Dışavurumculuğun Özellikleri

Dışavurumculuk, yazarların eserleri aracılığıyla duygu ve duygularını ifade ettikleri sanatsal bir hareketti, bu ifade abartılı, ahlaksız, yıkıcı ve karamsarlıkla gerçekleşti.

Yalnızlık, sefalet ve delilik gibi konular sıklıkla ele alındı. Dışavurumculuğun temel özelliklerini inceleyin:

1. yoğun renkler

Paylaş Tweet Tweet

Ernst Ludwig Kirchner tarafından oyulmuş bir sandalyeden önce Fränzi (1910)

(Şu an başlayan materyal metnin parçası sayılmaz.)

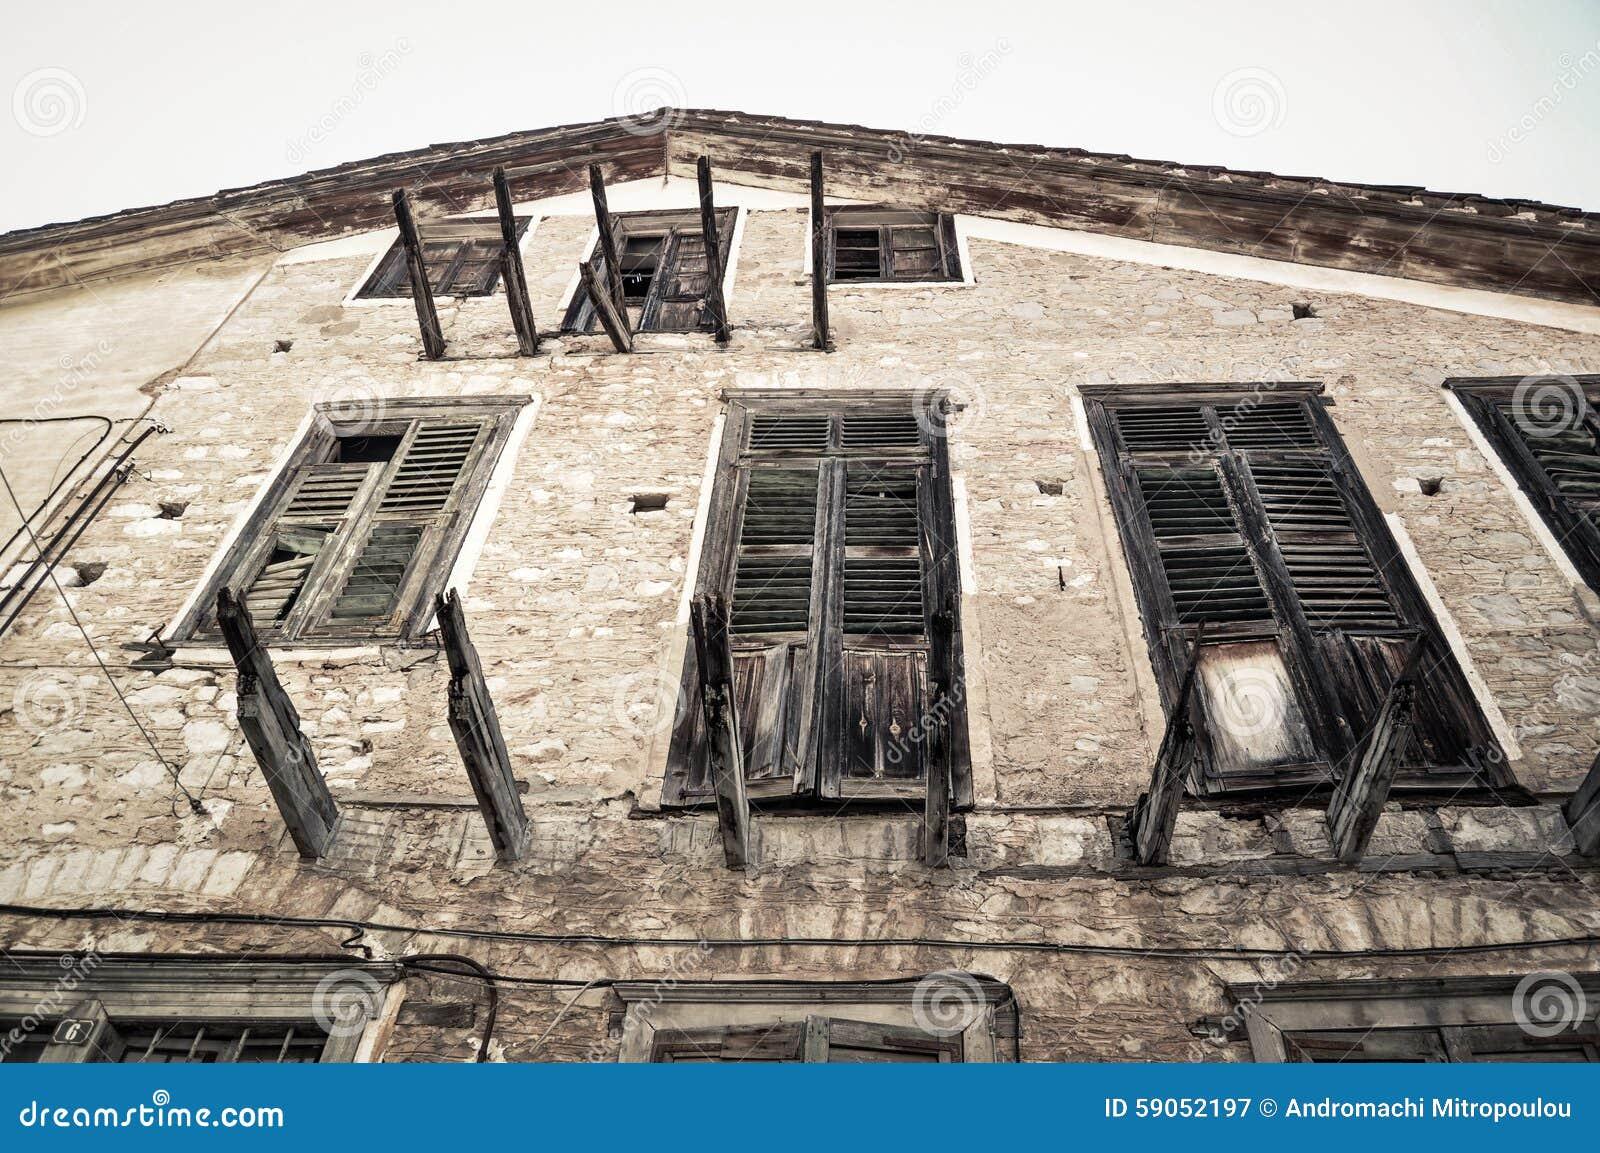 galler för fönster Tags galler för fönster pellets kostnad kostnad renovera badrum 10 kvm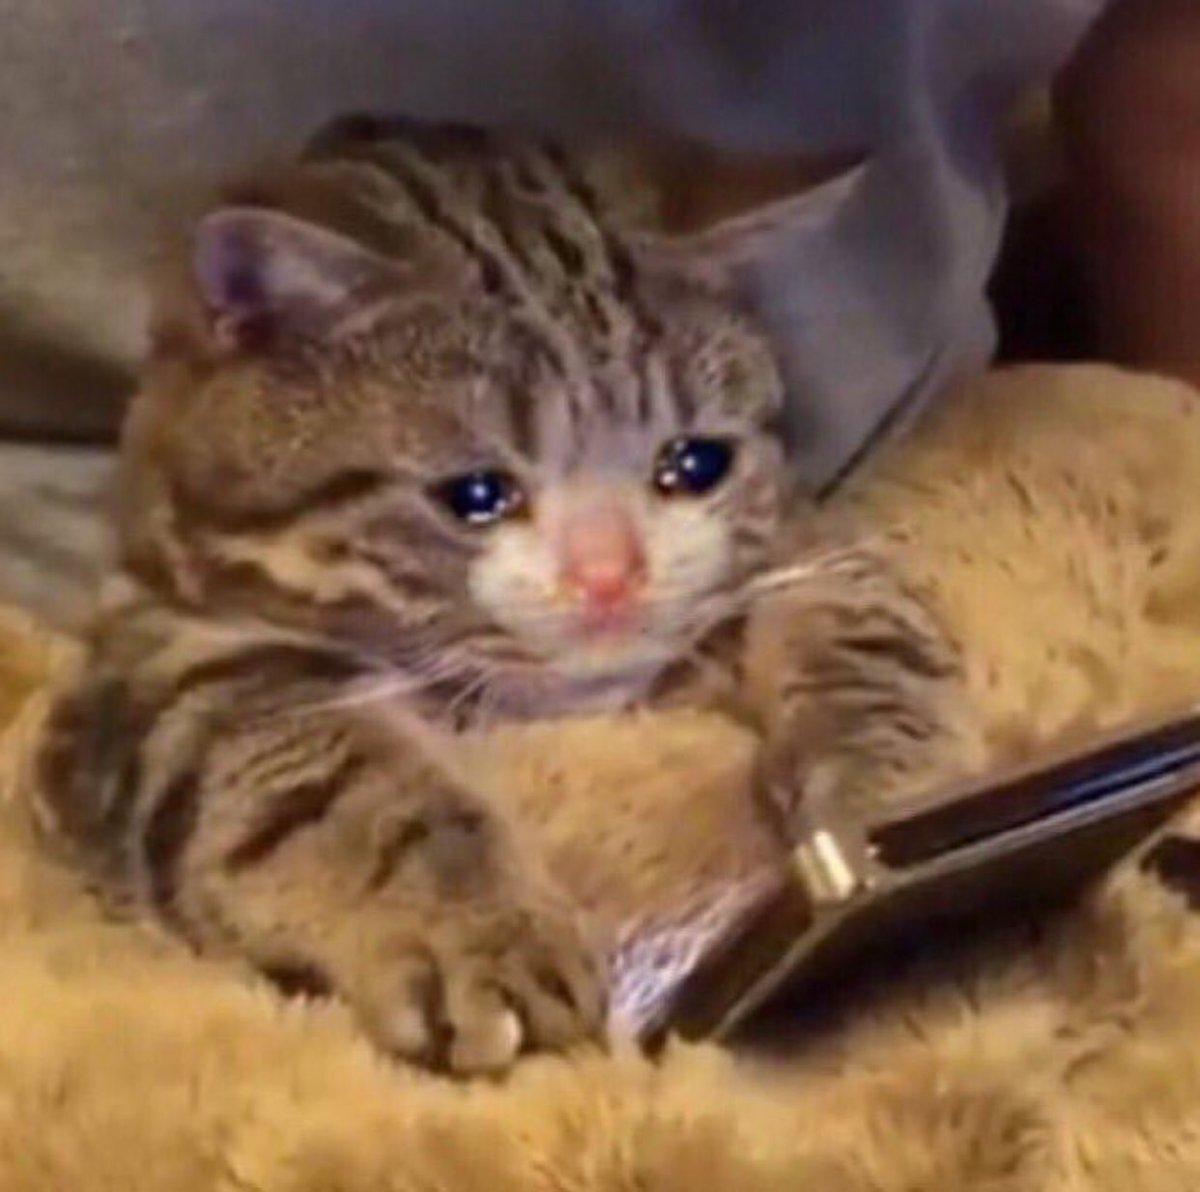 gatito llorando

Dışavurumculuğun temel özelliklerinden biri, gerçek olmayan, yani gerçekliği doğrudan temsil etmeyen, güçlü ve canlı renklerin kullanılmasıdır .

2. Kalın ve bozuk izler

Dışavurumcu eserlerin güçlü ve belirgin özellikleri vardı, ama dış hatlarında doğrusallık yoktu.

Çizgiler bükülmüş şekillere sahipti, biraz agresifti ve şekillerin konturunu kesin olarak belirlemedi.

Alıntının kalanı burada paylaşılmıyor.